# Scepsy: An Aggregated LLM Service System for Multi-Agent Workflows

> Scepsy optimizes GPU resource allocation by building an aggregated LLM pipeline and leveraging the stability of the execution time proportion of each model, achieving a 2.4x throughput increase and a 27x latency reduction in real-world multi-agent workflows.

- 板块: [Openclaw Llm](https://www.zingnex.cn/en/forum/board/openclaw-llm)
- 发布时间: 2026-04-16T16:15:29.000Z
- 最近活动: 2026-04-17T02:17:56.313Z
- 热度: 126.0
- 关键词: 智能体工作流, LLM服务系统, GPU调度, 资源优化, 聚合流水线
- 页面链接: https://www.zingnex.cn/en/forum/thread/scepsy-llm
- Canonical: https://www.zingnex.cn/forum/thread/scepsy-llm
- Markdown 来源: floors_fallback

---

## [Main Post/Introduction] Scepsy: Core Highlights of the Aggregated LLM Service System for Multi-Agent Workflows

Scepsy is an aggregated LLM service system for multi-agent workflows. Its core lies in building an aggregated LLM pipeline and optimizing GPU resource allocation using the stability of the execution time proportion of each model, achieving a 2.4x throughput increase and a 27x latency reduction in real-world multi-agent workflows.

## Background and Challenges: Three Core Difficulties in Deploying Agent Workflows

With the evolution of LLM capabilities, agent workflows have become the mainstream paradigm for handling complex tasks, but deployment faces three major challenges: 1. Highly uncertain execution paths make end-to-end latency difficult to predict; 2. Multiple LLM calls lead to over-subscription of GPU resources; 3. Large semantic differences exist between different agent frameworks (e.g., LangChain, AutoGPT), making it hard to design general scheduling strategies. Existing systems mostly focus on single-model optimization or rely on manual configuration, which cannot handle dynamics and complexity.

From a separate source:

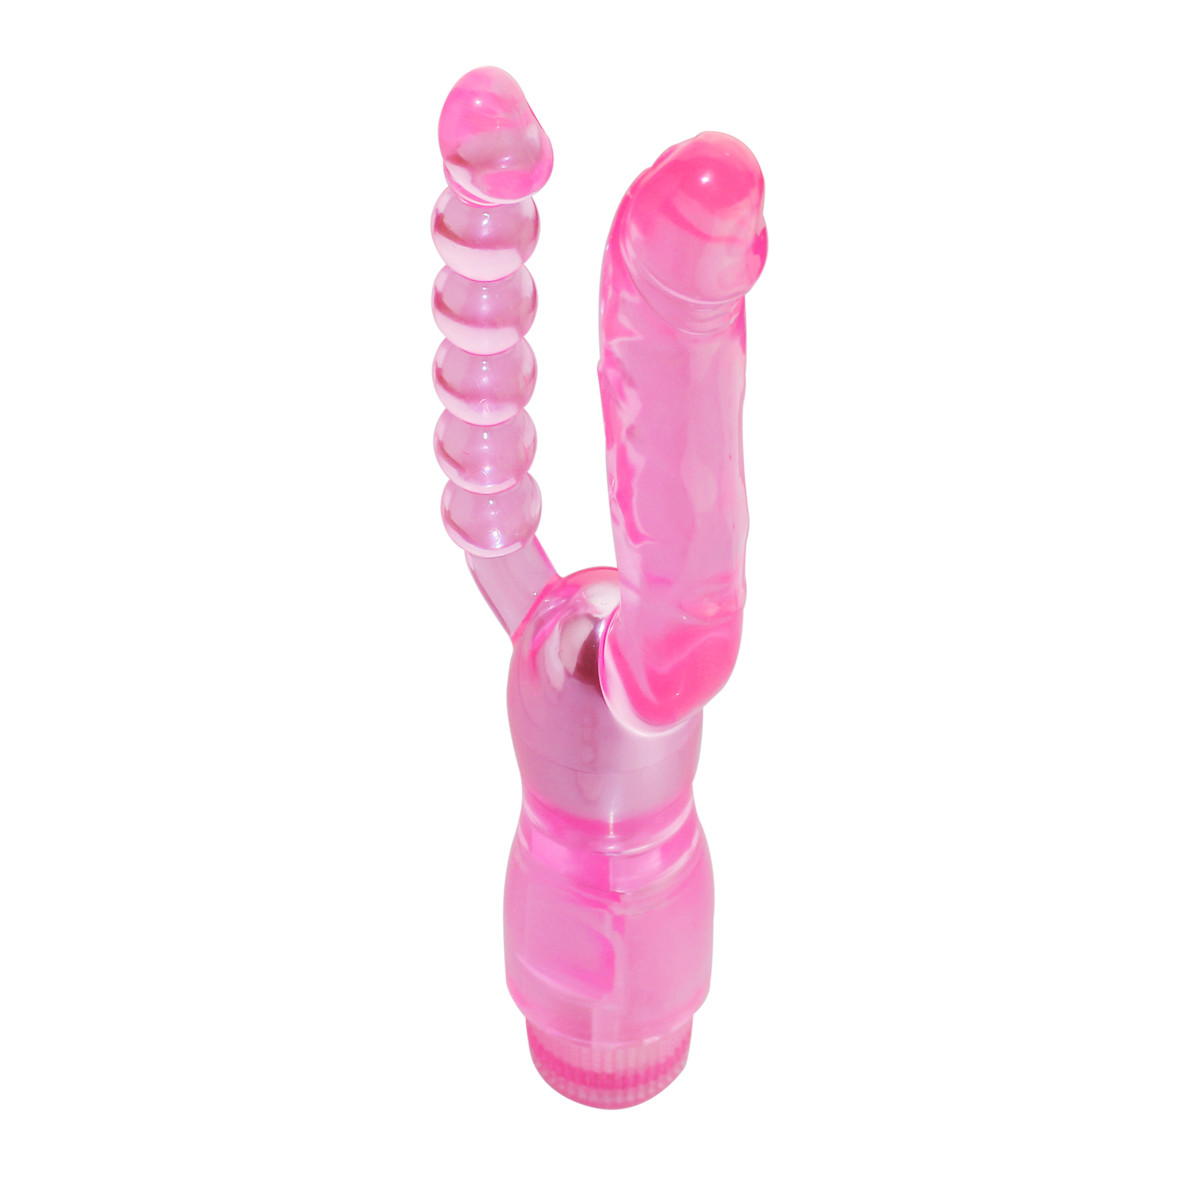 Sex Toy For Vibrator And  Anal plugs Dual-purpose  IFLCH001

## Core Insights and System Architecture: Scepsy's Design Approach

Scepsy's key insight: Although the end-to-end latency of a single workflow is hard to predict, the execution time proportion of each LLM is relatively stable. Based on this, two core abstractions are introduced:
1. Aggregated LLM Pipeline: A lightweight latency/throughput predictor that quickly estimates performance under resource configurations;
2. Hierarchical Heuristic Scheduler: Maps optimal configurations to GPU clusters, minimizing resource fragmentation and meeting network constraints.
System deployment is divided into three phases:
- Performance Profiling: Offline analysis of performance characteristics of each LLM under different parallelism levels;
- Configuration Search: Efficiently search for optimal configurations in the three-dimensional space of fractional GPU shares, tensor parallelism, and replica count;
- Cluster Placement: Hierarchical strategy (node → rack) maps configurations to physical clusters, balancing performance and resource efficiency.

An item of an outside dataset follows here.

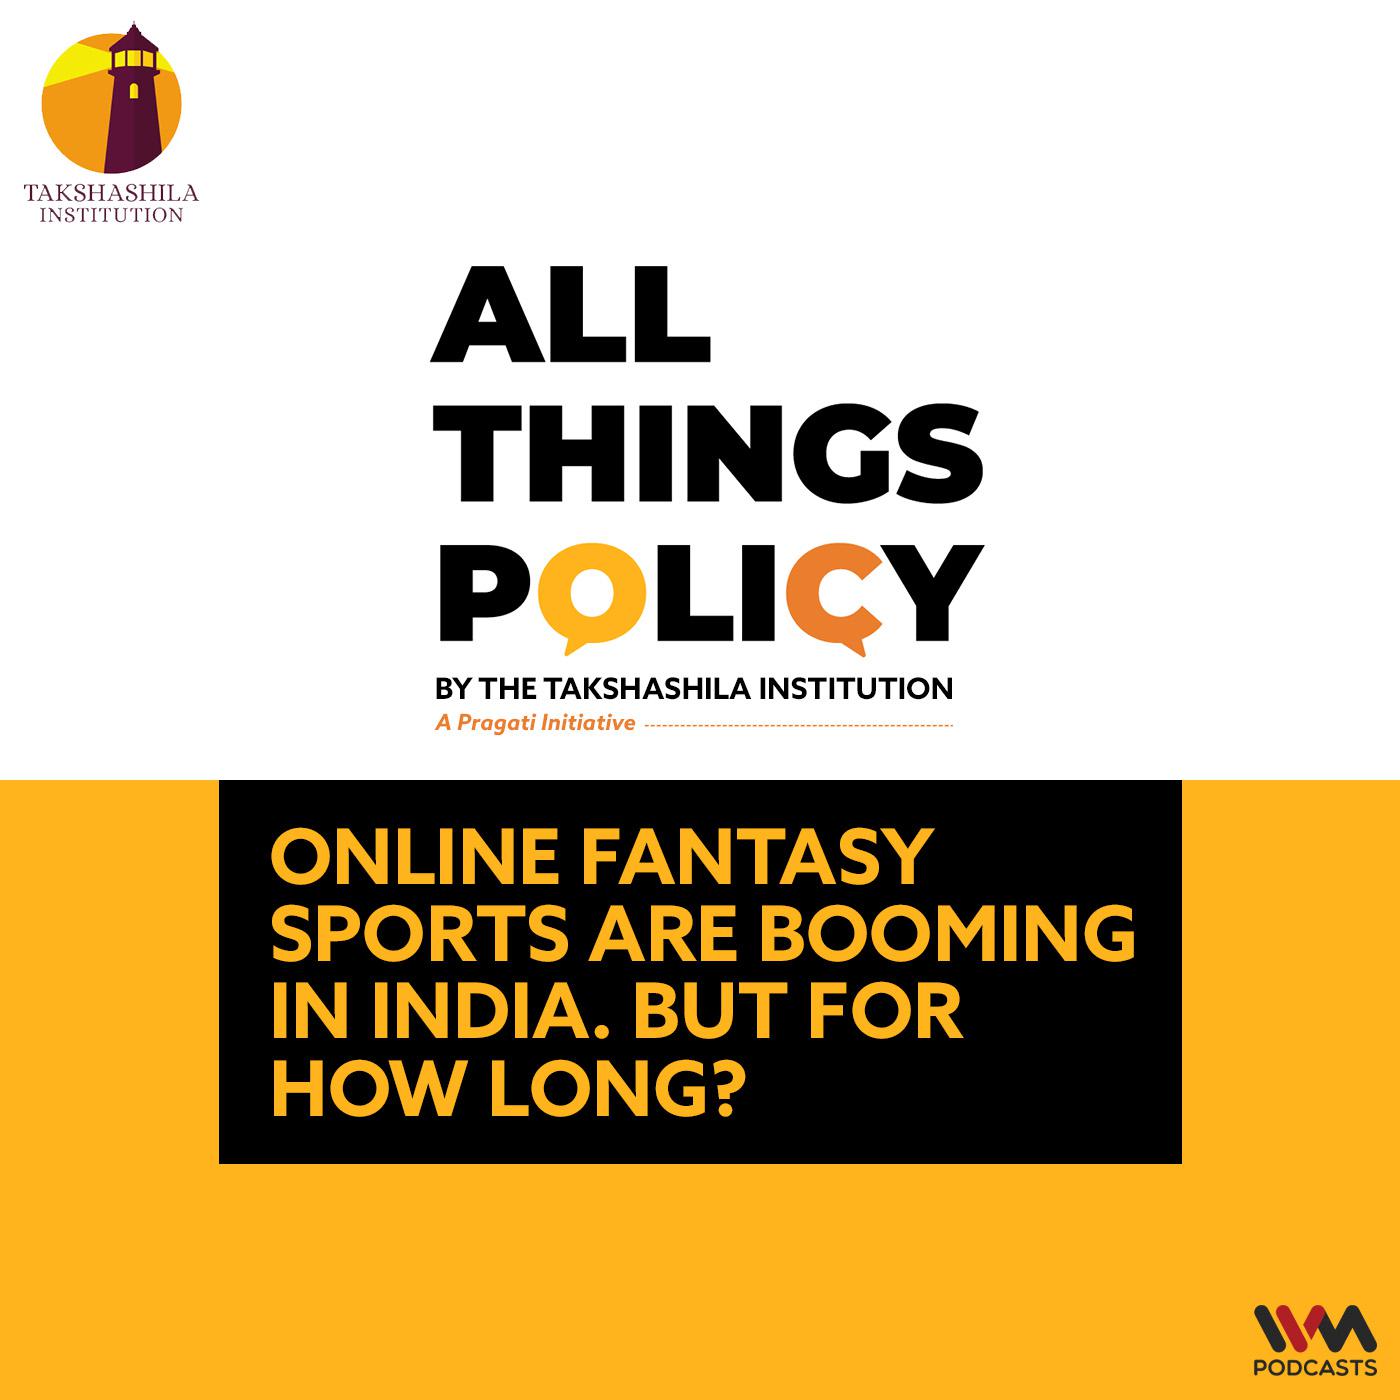 Online Fantasy Sports are booming in India. But for how long?

## Experimental Evidence: Performance Improvements in Real-World Scenarios

Evaluations in real-world agent workflow scenarios such as code generation, multi-turn dialogue, and tool calling show:
- Compared to traditional methods that independently optimize single models, Scepsy achieves a maximum 2.4x throughput increase (by identifying critical paths and allocating more resources);
- Compared to user-manually configured systems, it achieves a maximum 27x latency reduction (avoiding the blindness of manual configuration);
- No need to modify workflow code or restrict frameworks, ensuring generality.

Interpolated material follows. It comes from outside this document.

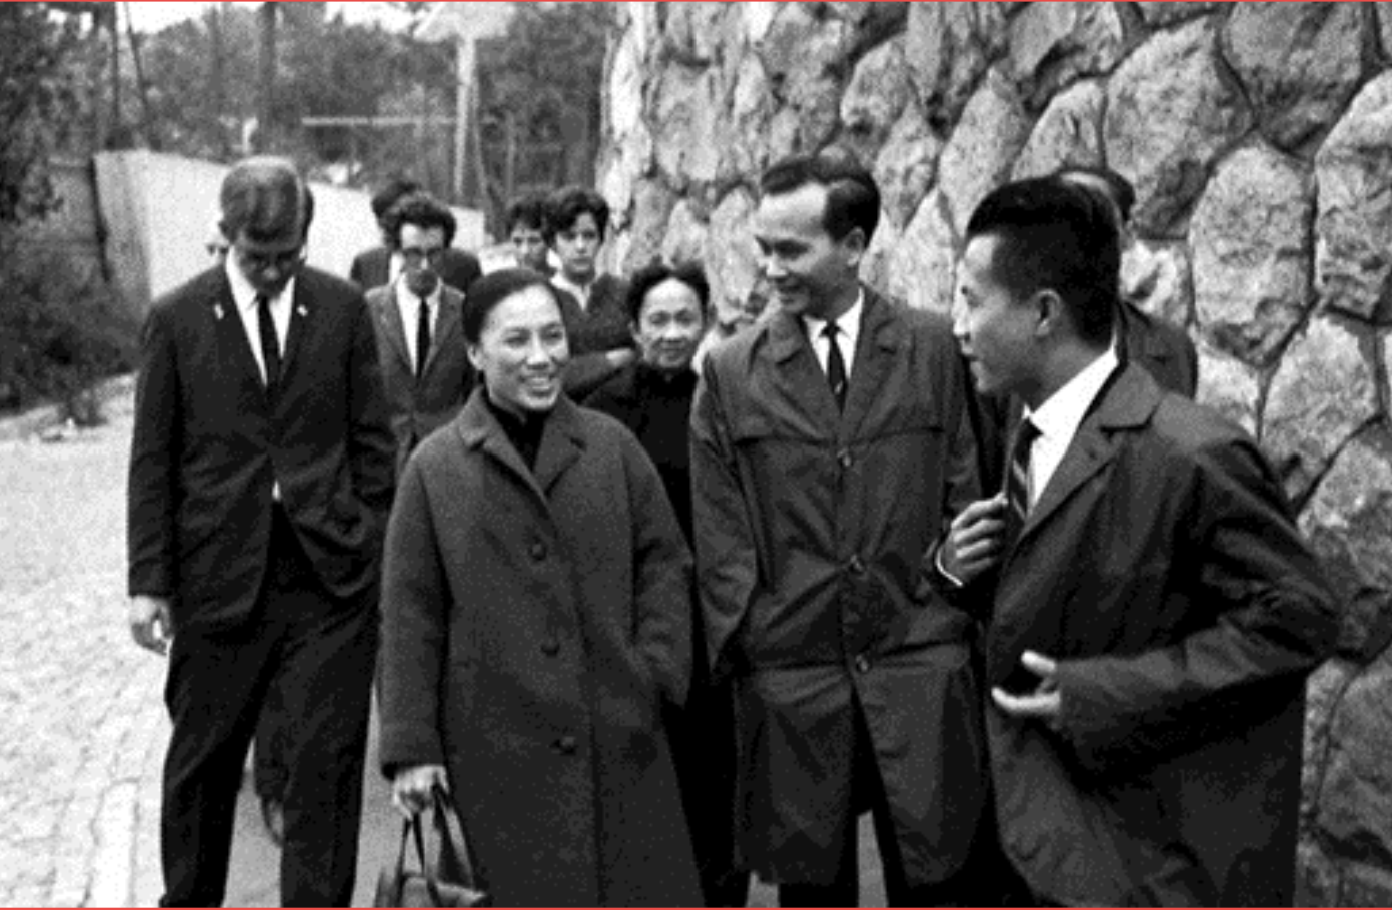 Nguyễn Thị Bình , one of the few women politicians surrounded by a pack of other politicians in a street

## Technical Significance and Industry Impact

Scepsy marks the shift of LLM service systems from single-model optimization to multi-model collaborative optimization. Its workload-aware design philosophy (using workload characteristics to guide resource decisions) provides a direction for the development of AI infrastructure. For developers/enterprises: No need to reserve large amounts of GPU resources or perform manual tuning; the system automatically finds the optimal solution, allowing focus on application logic, reducing deployment costs and complexity.

## Summary and Outlook

Scepsy solves the service challenges of multi-LLM agent workflows through aggregated LLM pipelines and hierarchical scheduling. Its core contribution is using the stability of execution time proportion to transform end-to-end optimization into component-level optimization. Future outlook: Address more complex workflows (collaboration of dozens of LLMs) and explore directions for dynamically adjusting configurations online to adapt to load changes.